(Records from a collection)
=== Begin Enclosure ===

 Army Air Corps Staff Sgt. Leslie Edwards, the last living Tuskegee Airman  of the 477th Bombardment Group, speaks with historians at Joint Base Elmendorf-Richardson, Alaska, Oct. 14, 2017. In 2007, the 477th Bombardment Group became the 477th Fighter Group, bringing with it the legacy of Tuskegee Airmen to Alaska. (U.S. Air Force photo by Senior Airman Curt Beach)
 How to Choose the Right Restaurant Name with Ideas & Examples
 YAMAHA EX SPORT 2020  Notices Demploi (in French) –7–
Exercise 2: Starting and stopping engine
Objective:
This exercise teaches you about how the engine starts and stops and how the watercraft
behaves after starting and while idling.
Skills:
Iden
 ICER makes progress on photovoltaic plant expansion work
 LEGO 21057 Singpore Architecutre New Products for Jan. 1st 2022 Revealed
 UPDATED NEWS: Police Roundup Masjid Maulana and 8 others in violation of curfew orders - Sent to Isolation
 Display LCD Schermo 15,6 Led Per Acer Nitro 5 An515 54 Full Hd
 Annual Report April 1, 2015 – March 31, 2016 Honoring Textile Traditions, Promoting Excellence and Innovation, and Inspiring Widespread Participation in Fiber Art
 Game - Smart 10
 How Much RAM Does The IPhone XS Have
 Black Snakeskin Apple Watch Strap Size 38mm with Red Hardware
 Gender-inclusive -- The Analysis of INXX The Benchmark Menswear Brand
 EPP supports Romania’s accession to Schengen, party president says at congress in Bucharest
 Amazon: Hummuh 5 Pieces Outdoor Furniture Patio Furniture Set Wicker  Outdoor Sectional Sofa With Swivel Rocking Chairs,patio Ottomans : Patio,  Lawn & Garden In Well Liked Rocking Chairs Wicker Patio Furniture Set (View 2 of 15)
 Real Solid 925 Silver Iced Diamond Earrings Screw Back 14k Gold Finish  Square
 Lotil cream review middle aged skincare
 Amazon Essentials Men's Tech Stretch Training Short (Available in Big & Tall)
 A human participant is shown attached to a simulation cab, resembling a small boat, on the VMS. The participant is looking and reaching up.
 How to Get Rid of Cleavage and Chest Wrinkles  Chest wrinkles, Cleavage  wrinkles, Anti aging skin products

=== End Enclosure ===

Try it
Using the data above, print exactly the lines from the line that contains "ICER makes progress" through the line that contains "Display LCD Schermo", with both included.

Written response
 ICER makes progress on photovoltaic plant expansion work
 LEGO 21057 Singpore Architecutre New Products for Jan. 1st 2022 Revealed
 UPDATED NEWS: Police Roundup Masjid Maulana and 8 others in violation of curfew orders - Sent to Isolation
 Display LCD Schermo 15,6 Led Per Acer Nitro 5 An515 54 Full Hd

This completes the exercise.